**What you have to do**
Give back an exact copy of the entries beneath, minus the pictures.
※
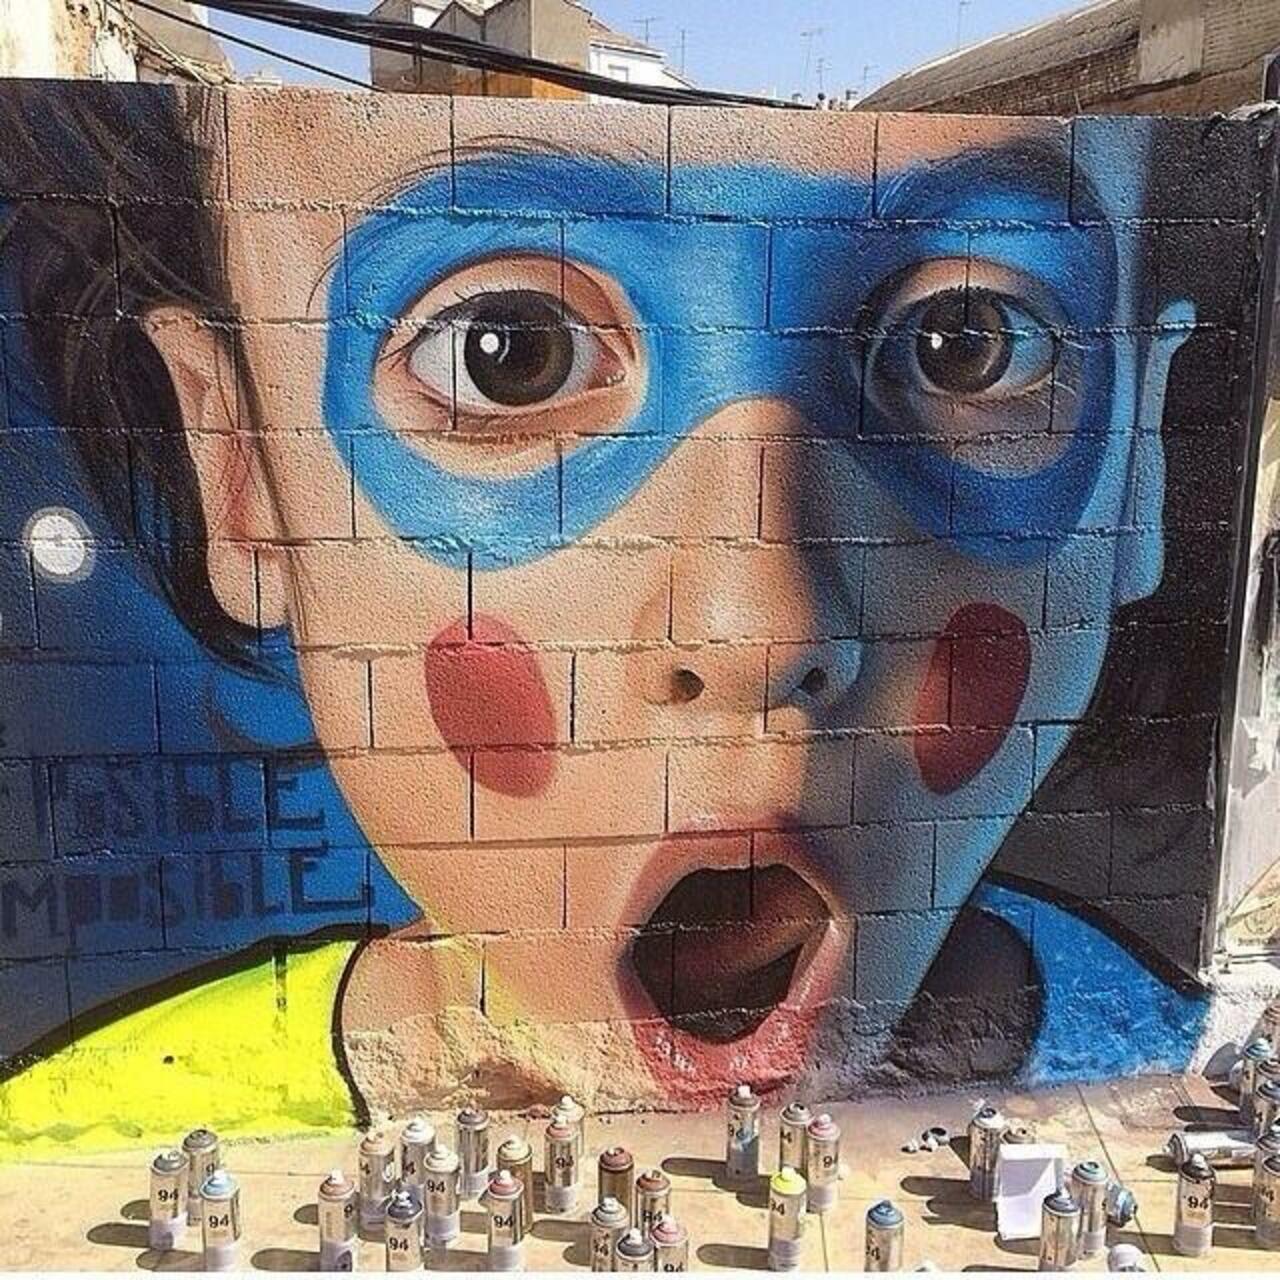 Artist @Belinwan unique Street Art portrait piece located in Linares, Spain #art #mural #graffiti #streetart http://t.co/dEDCC21Aoz
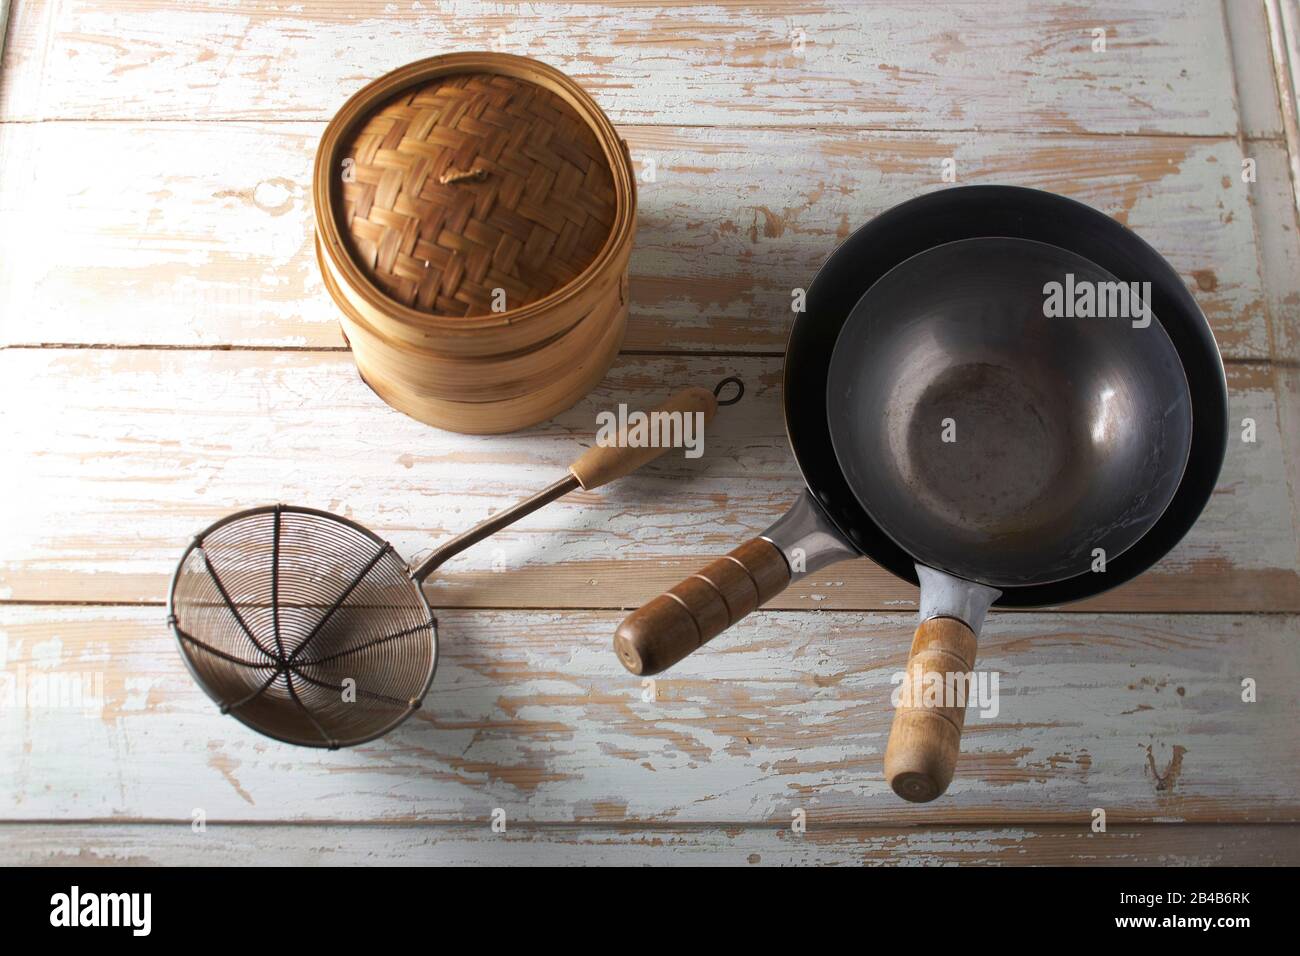 Wok, wok and steam atmosphere Stock Photo
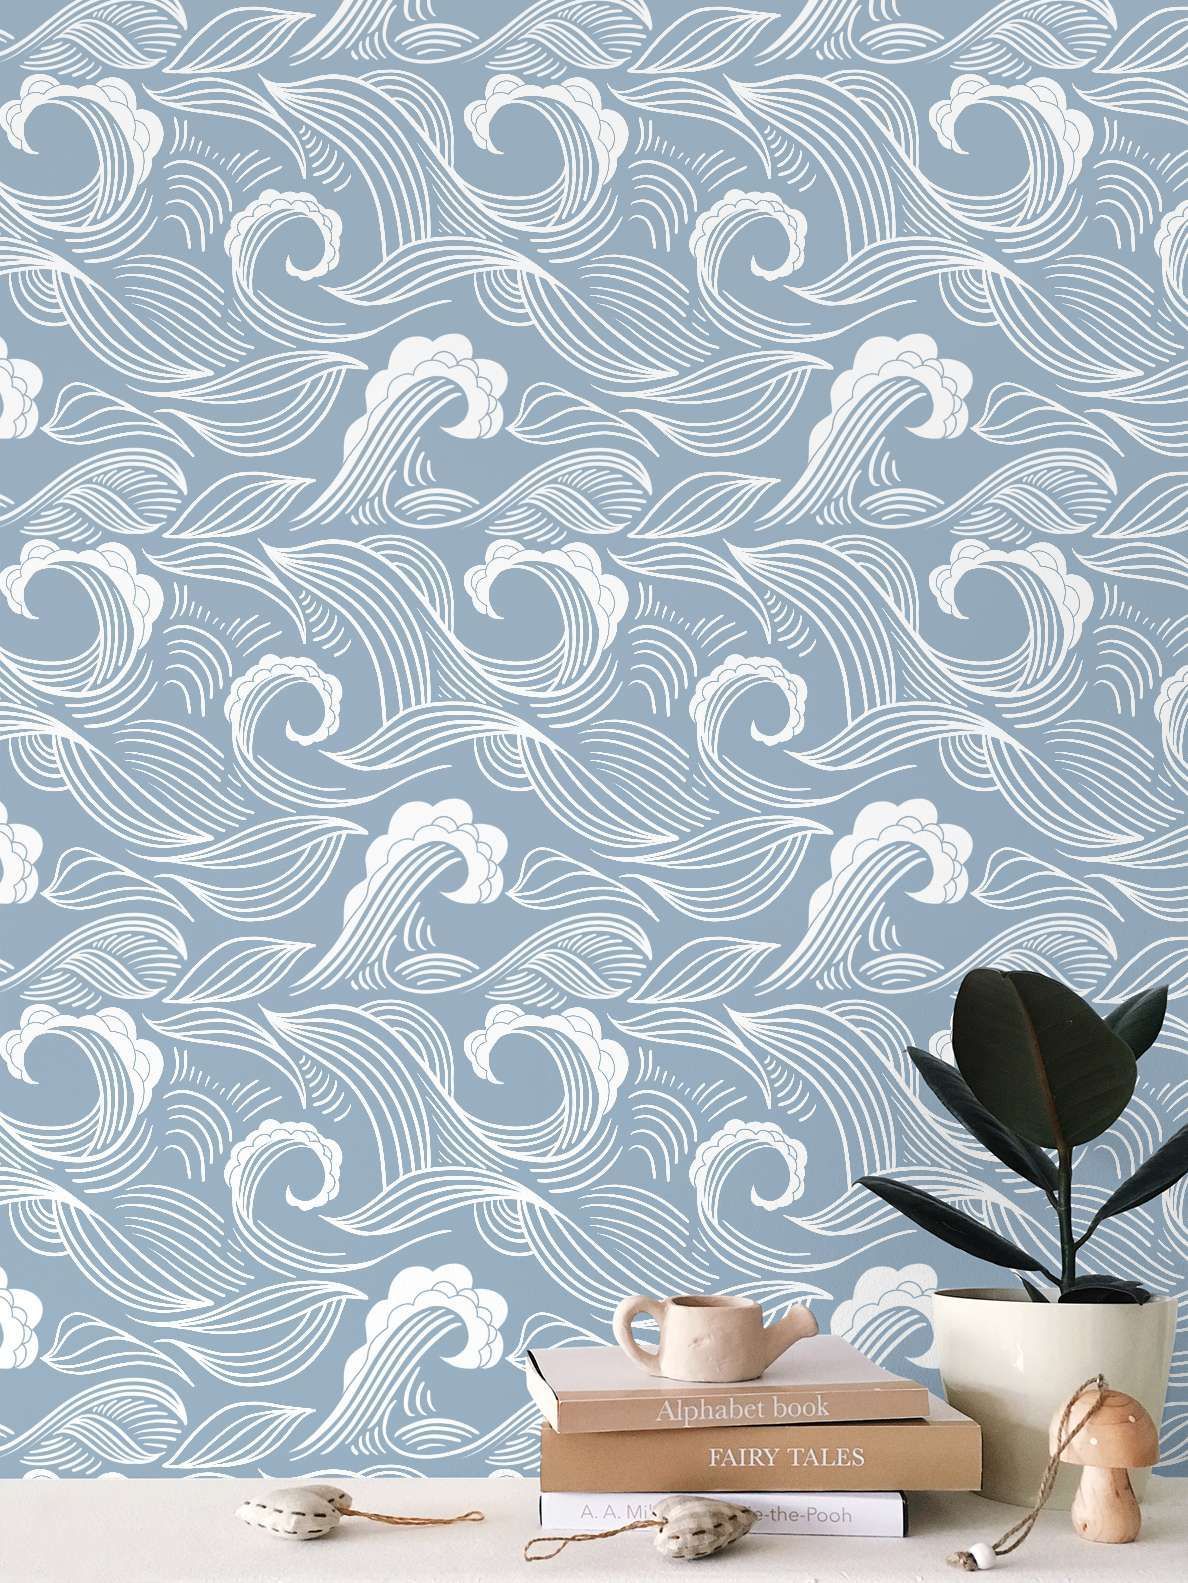 Ocean wave wall paper design
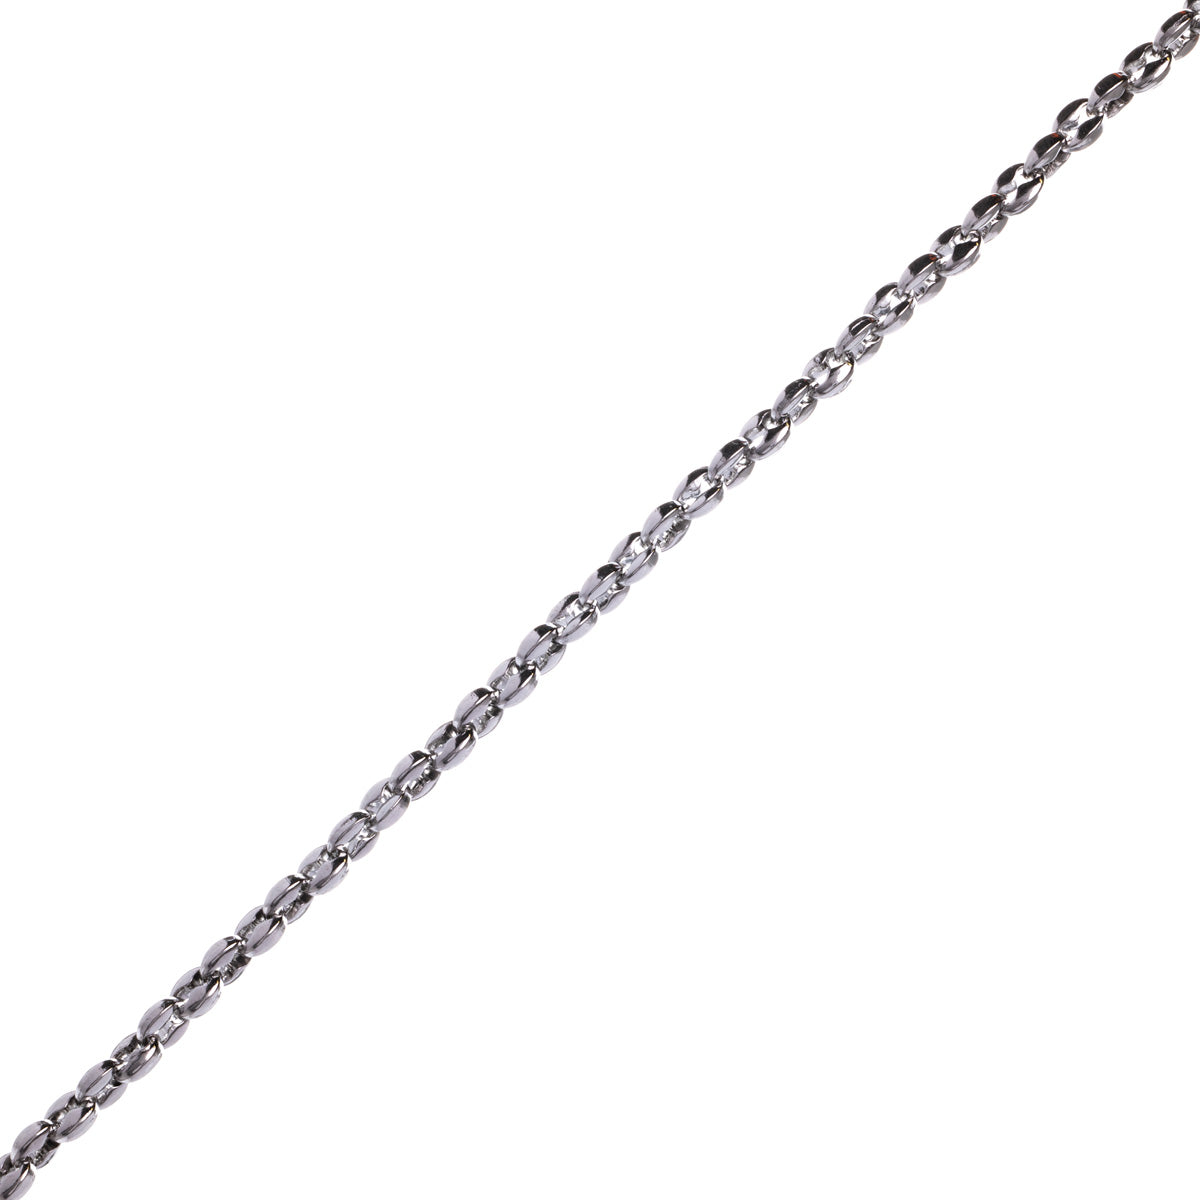 Thin steel neck chain anchor chain 4mm 54cm
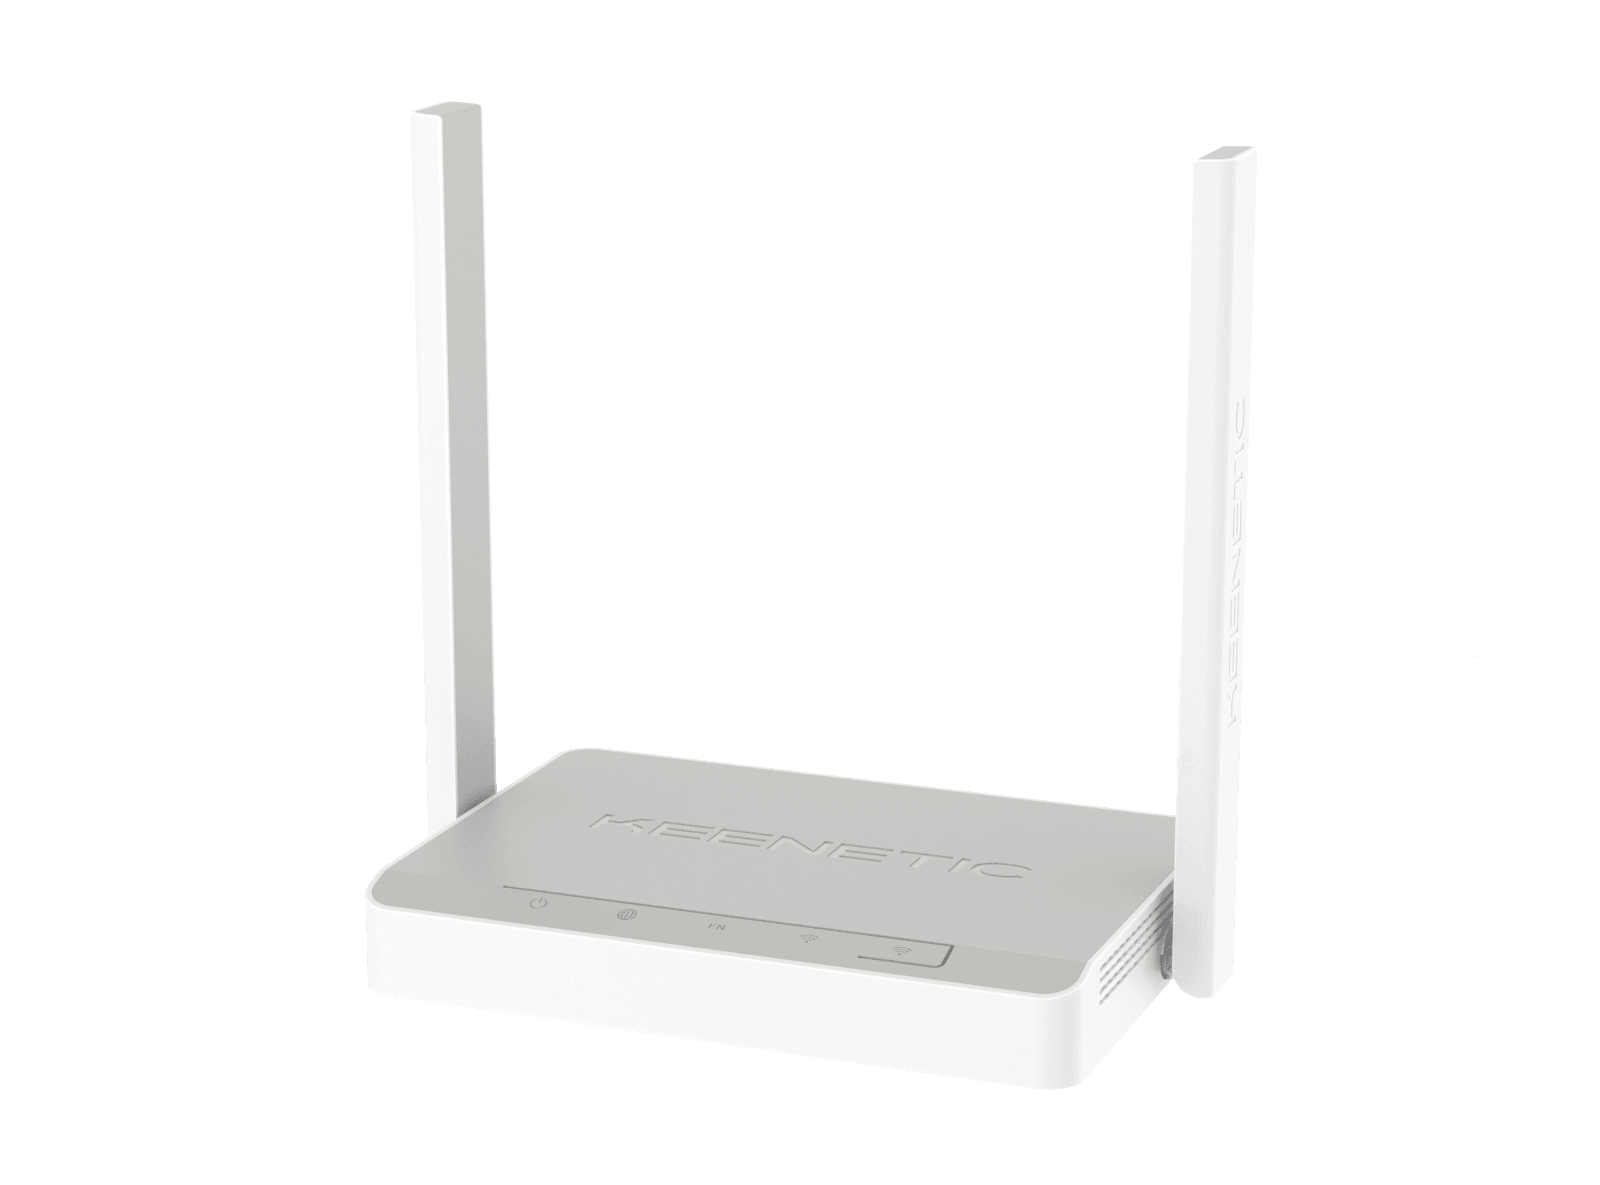 Беспроводной маршрутизатор KEENETIC "EXTRA" KN-1713 WiFi 867+300Мбит/сек. + 3 порта LAN 100Мбит/сек. + 1 порт WAN 100Мбит/сек. + 1 порт USB2.0
※
**Solution to this problem**
 Artist @Belinwan unique Street Art portrait piece located in Linares, Spain #art #mural #graffiti #streetart http://t.co/dEDCC21Aoz
 Wok, wok and steam atmosphere Stock Photo
 Ocean wave wall paper design
 Thin steel neck chain anchor chain 4mm 54cm
 Беспроводной маршрутизатор KEENETIC "EXTRA" KN-1713 WiFi 867+300Мбит/сек. + 3 порта LAN 100Мбит/сек. + 1 порт WAN 100Мбит/сек. + 1 порт USB2.0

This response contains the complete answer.